罪と野獣と美女と罰 解決編(偽)
「きっかけは地震だったんだ」
いきなり最後の一個となったマカロンの袋を破り、解説を開始する。
「もともと割れやすい地面だったのか、それともタイムカプセルを埋めるために掘った穴が影響したのかはわからないけど、とにかくその地震でグラウンドに亀裂が走って、あのタイムカプセルが顔を出したんだよ」
「地震? タイムカプセルは今日はてにゃんが倒れた時に顔を出したんじゃないの?」
チューチューとカフェラテを吸い上げる里々が、早くも疑問を呈してきた。
「いや、体育の時に果奈が倒れたのはこの晴雪のせいだ」
もったいぶった語り口で説くも、やっぱり果奈は、当然ついていけませんけど? みたいな顔でマカロンを咀嚼している。
「いやごめん、変に格好つけちゃったな。
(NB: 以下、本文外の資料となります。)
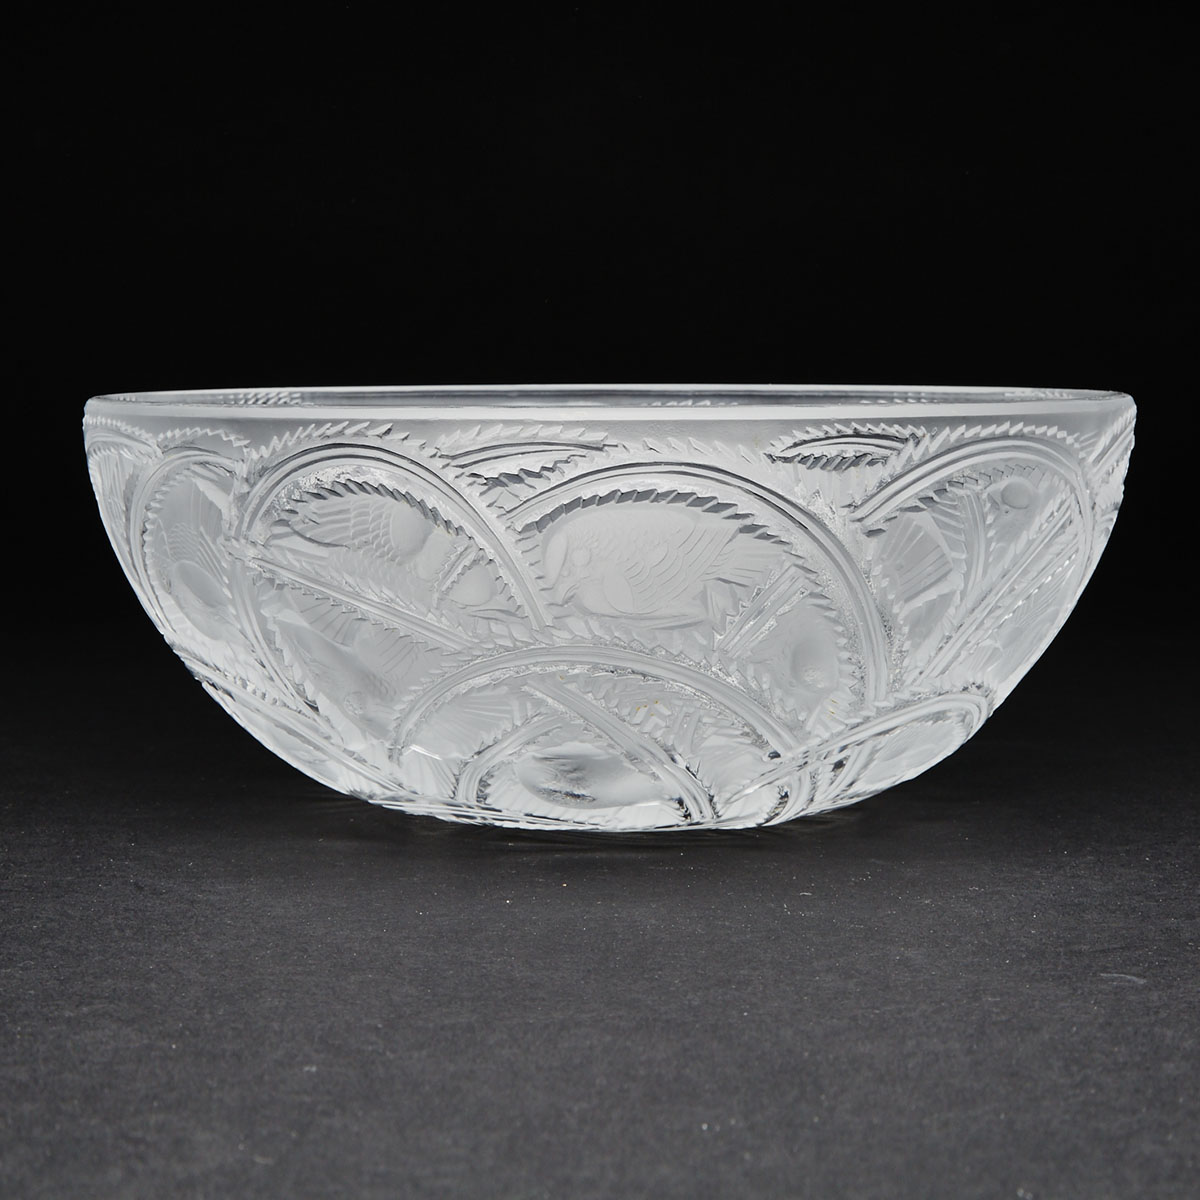 ‘Pinsons’, Lalique Moulded and Partly Frosted Glass Bowl, post-1945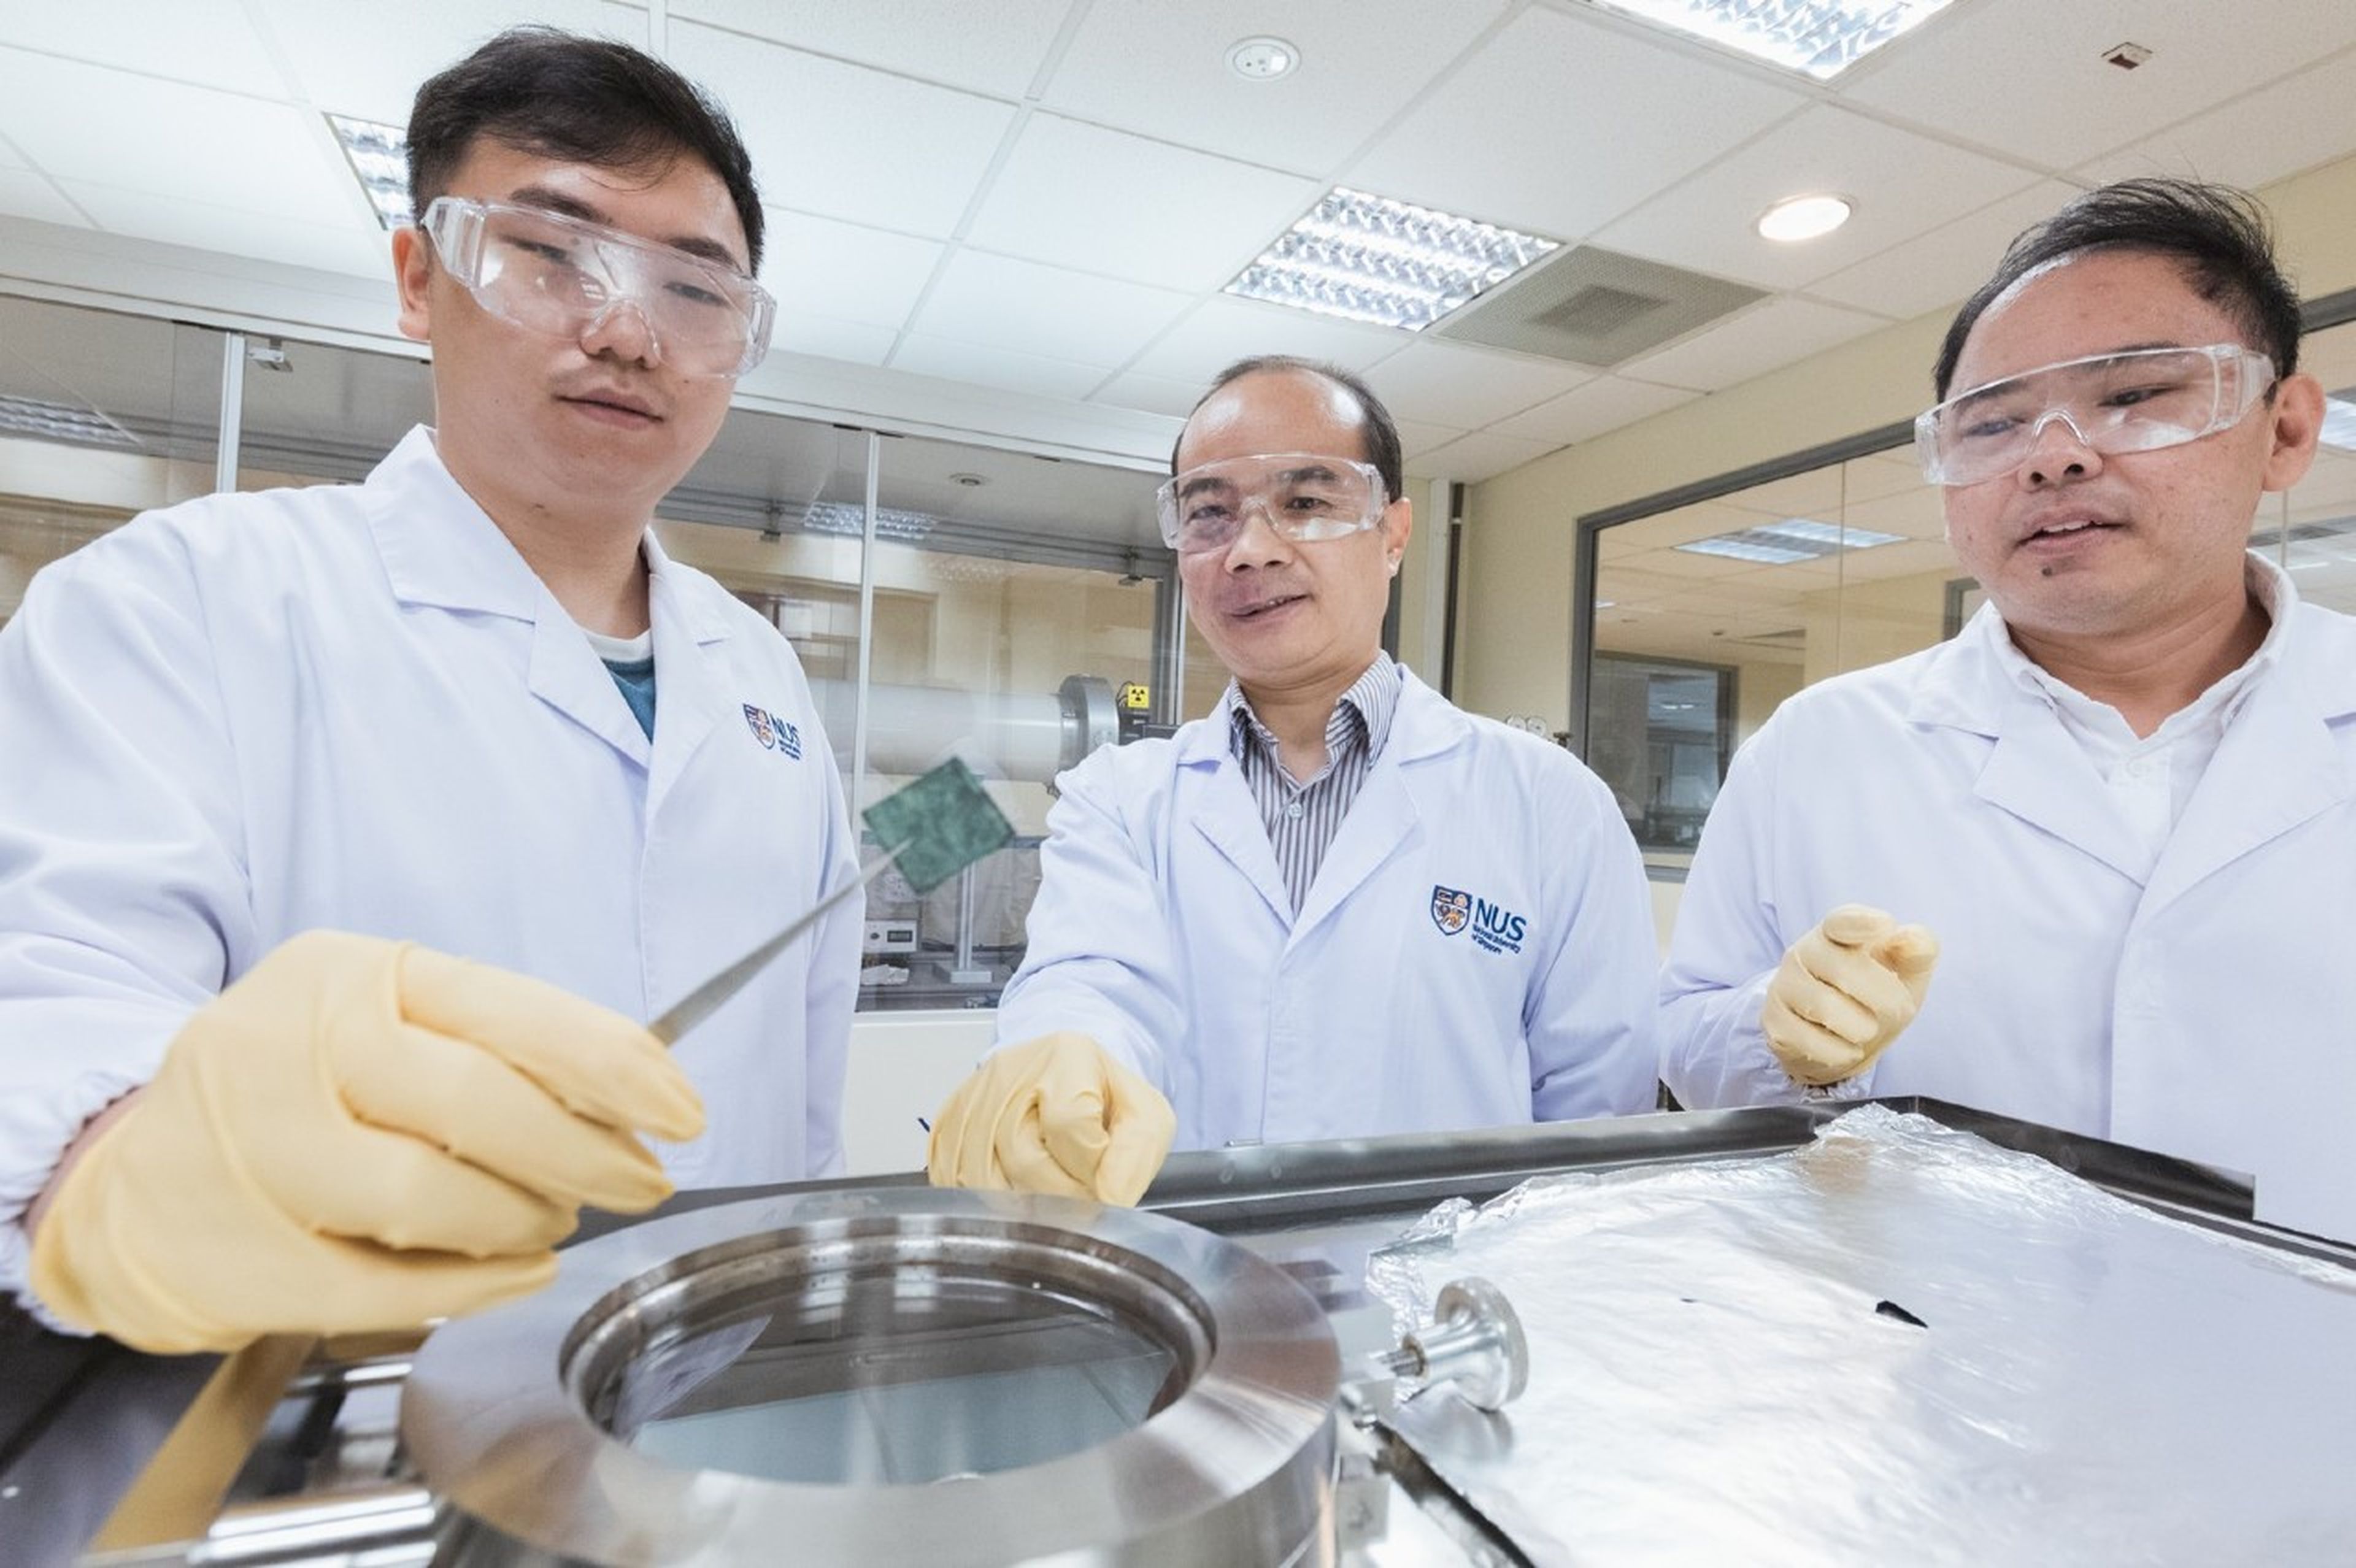 NUS researchers devise revolutionary technique to generate hydrogen more efficiently from water

要するに気温と日光だよ。そいつらのせいで果奈は倒れたんだ。地震が起きて地面から顔を出したタイムカプセルは、その時はまだ雪の下に埋もれてた。でもここ数日の晴天のおかげでだんだんと雪が解けて、今日になってやっとタイムカプセルは直に空気に触れたんだ。だからさ、果奈が嗅ぎつけた巨木の謎ってのは、実は巨木とは一切関係のないタイムカプセルの匂いだったんだよ」
日を追うごとに強まった謎の匂いの理由。ここ数日の不気味なほどの好天は、巨木にかけられた謂れのない疑惑を払拭するためのものだったらしい。太陽はいつだって植物の味方ってことか。
「ねぇ空音」
マカロンを飲み込んだ果奈が、ここで初めて口を開く。
「ずっと考えてたんだけど、大半のボケには『なにゆえ~!?』ってツッコんでれば形になるんじゃない? これ、あなたの武器になるんじゃない?」
「なにゆえ~!?」
心待ちにしていた僕の大一番は、早くも頓挫しそうであった。
「は、話を戻すぞ。えーっと、次はあれだ。地震の日に謎を嗅ぎつけた果奈は、早速僕らを巻き込んで謎解きを開始したんだったな。そして最初のヒントは、里々が仕入れてきた八不思議」
「そうそう。ウチが頑張ったの。わやお手柄」
そうだよ。そういう合いの手が欲しかったんだよ僕は。
「その八不思議の中で果奈のお眼鏡に適ったのが、『赤い服の少女』だ」
「それは先生のことだったんだよね?」
いいぞ里々! その調子だ!
「謎がまとわりついてくるのを待つことにした僕たちに訪れた次のヒントは、先生との会話だった。そこで僕は赤い服の少女が先生だと知り、ついでに赤い服の美女という本来の七不思議と、ある殺人事件の話を聞いたんだ」
「殺人事件? なにそれ聞いてない」
首をかしげ、当然の疑問を口にする里々。そりゃあ聞いてないだろうよ。言ってないんだから。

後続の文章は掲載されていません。